Controlar las restricciones solo en el resultado final no significa que el robot tenga licencia para chocar con obstáculos en el camino. En las tareas de planificación, el resultado final de la red neuronal es toda la trayectoria calculada en su conjunto. Por ello, la condición de ausencia de colisiones se comprueba para el camino que la máquina debe recorrer de principio a fin.

En uno de los experimentos, un manipulador debía llegar al objetivo entre obstáculos, algunos de los cuales se añadieron solo durante las pruebas. Los autores realizaron 50 ejecuciones. HardFlow fue el único de los métodos evaluados que completó todos los intentos sin colisiones, y las rutas seguras ocuparon en promedio 52,5 pasos. La alternativa más cercana en seguridad tuvo un 76% de intentos exitosos, y la longitud media de la ruta aumentó hasta aproximadamente 67 pasos.

Una comprobación similar se realizó en un laberinto bidimensional. El objeto controlado debía llegar al objetivo evitando áreas prohibidas. En 50 pruebas HardFlow no permitió ninguna incursión en los obstáculos y obtuvo el mejor resultado en rapidez para alcanzar el objetivo entre los enfoques comparados. El siguiente método por seguridad completó sin infracciones el 88% de las pruebas.

Otro experimento evaluó el control de un proceso físico descrito por la ecuación de Burgers, que se usa al modelar flujos de fluidos y otros sistemas dinámicos. Al algoritmo se le impusieron límites temporales cambiantes para el estado del sistema. Varios métodos pudieron cumplir totalmente las restricciones, pero entre ellos HardFlow requirió la menor intervención de control y mostró el menor tiempo de cálculo.

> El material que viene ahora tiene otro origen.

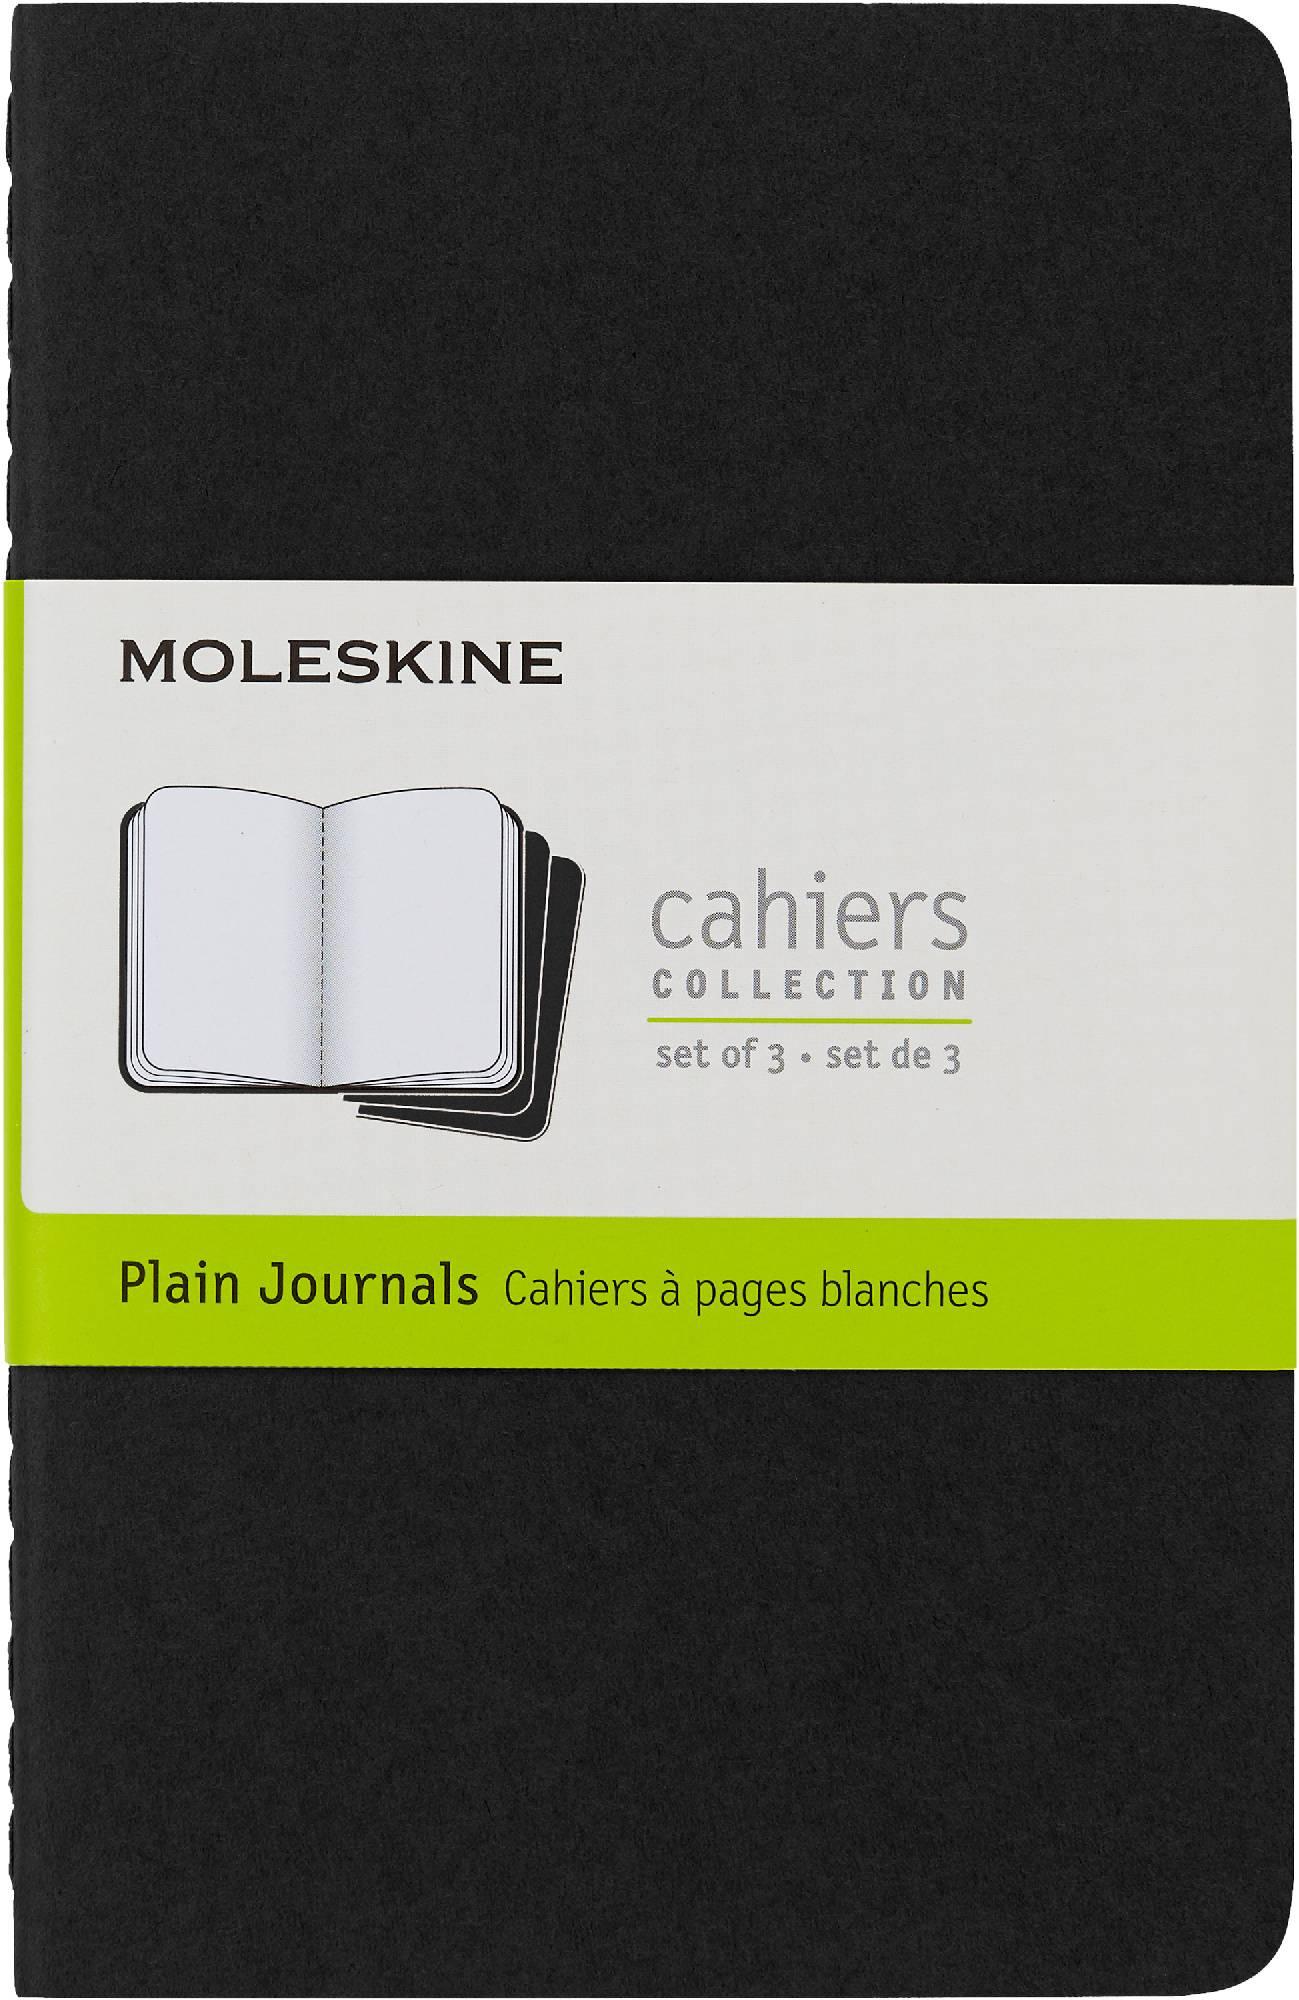 Блокнот Moleskine CAHIER JOURNAL 90x140мм обложка картон 64стр. нелинованный черный (3шт) - фото 1

Separadamente, los autores probaron HardFlow en la edición de rostros a partir de comandos de texto. Se pidió a la red neuronal, por ejemplo, que hiciera a una persona sonreír, lucir triste o parecer visualmente mayor, al tiempo que se prohibía un cambio excesivo en la imagen original. La evaluación abarcó 200 fotografías y cinco variantes de tarea. HardFlow fue el único que cumplió la restricción establecida en todos los casos.

Para evaluar el parecido se utilizó la métrica LPIPS, que mide la diferencia percibida entre dos imágenes. El máximo permitido era 0,06; HardFlow alcanzó un valor medio de 0,048. El tiempo de procesamiento fue de alrededor de 51 segundos, mientras que los tres métodos comparados requirieron aproximadamente entre 129 y 158 segundos. Al mismo tiempo, la calidad en el cumplimiento de la instrucción de texto se mantuvo cercana al mejor resultado entre los competidores.

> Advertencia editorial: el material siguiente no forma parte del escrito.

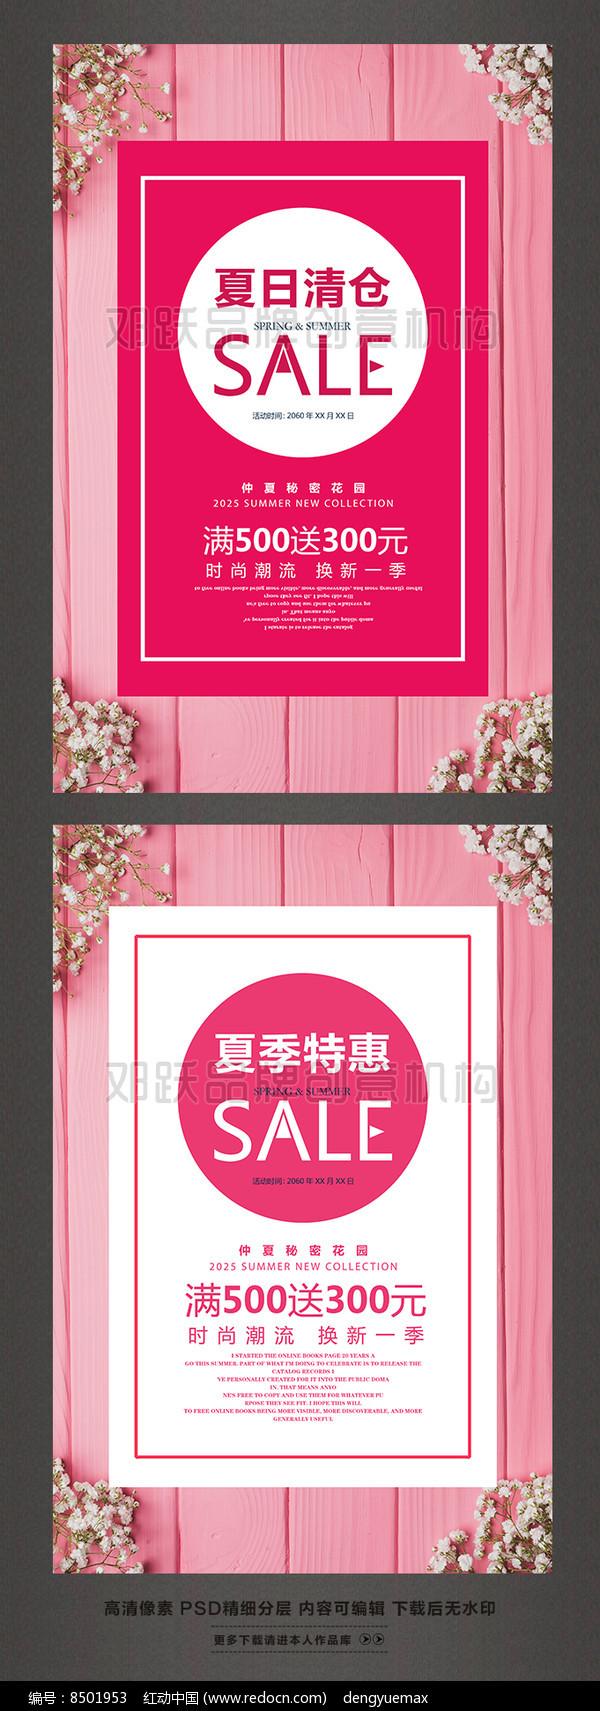 夏日清仓夏季特惠促销活动海报图片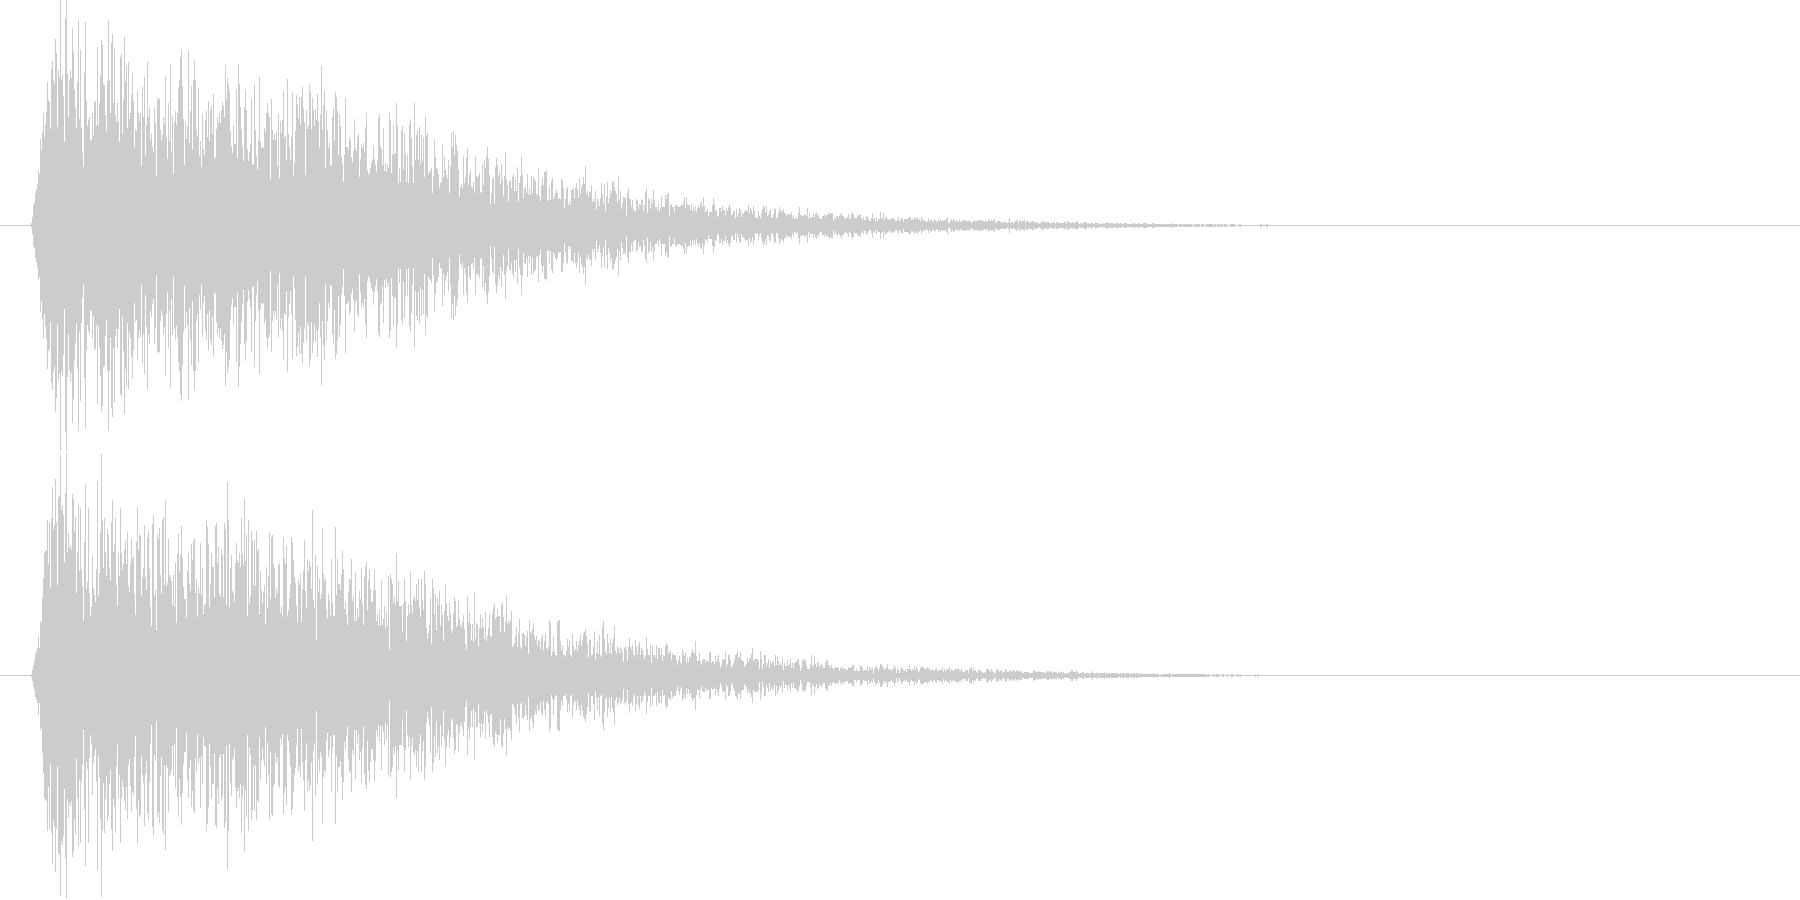 ガキーン(大地を切り裂く斬撃音)の未再生の波形

El método no exige cambiar los parámetros de la red neuronal original ni volver a entrenarla. HardFlow se conecta durante la generación y corrige la trayectoria del modelo hacia un resultado admisible. Este enfoque permite aplicar nuevas restricciones a un sistema ya existente, aunque la flexibilidad tiene el precio de cálculos adicionales en cada ejecución.

HardFlow todavía no puede considerarse un mecanismo universal de seguridad para cualquier inteligencia artificial. El trabajo se centra en modelos de correspondencia de flujos y en una clase afín de sistemas generativos, y las principales pruebas se realizaron en tareas experimentales controladas. Los autores mencionan por separado escenarios más complejos con procesamiento de imágenes de alta resolución, interacción de robots con objetos físicos y otras condiciones reales como direcciones para futuras comprobaciones.

Existe también una limitación más fundamental: HardFlow solo puede garantizar el cumplimiento de reglas que el desarrollador haya sabido formular matemáticamente con precisión. El algoritmo puede obedecer estrictamente la condición de evitar obstáculos conocidos, el límite de velocidad o el grado admisible de cambio en la imagen, pero por sí solo no determina si tales condiciones describen por completo la seguridad de un sistema real. Por eso HardFlow añade a los modelos generativos un mecanismo de ejecución estricta de requisitos formalizados, más que convertirlos en sistemas inherentemente seguros.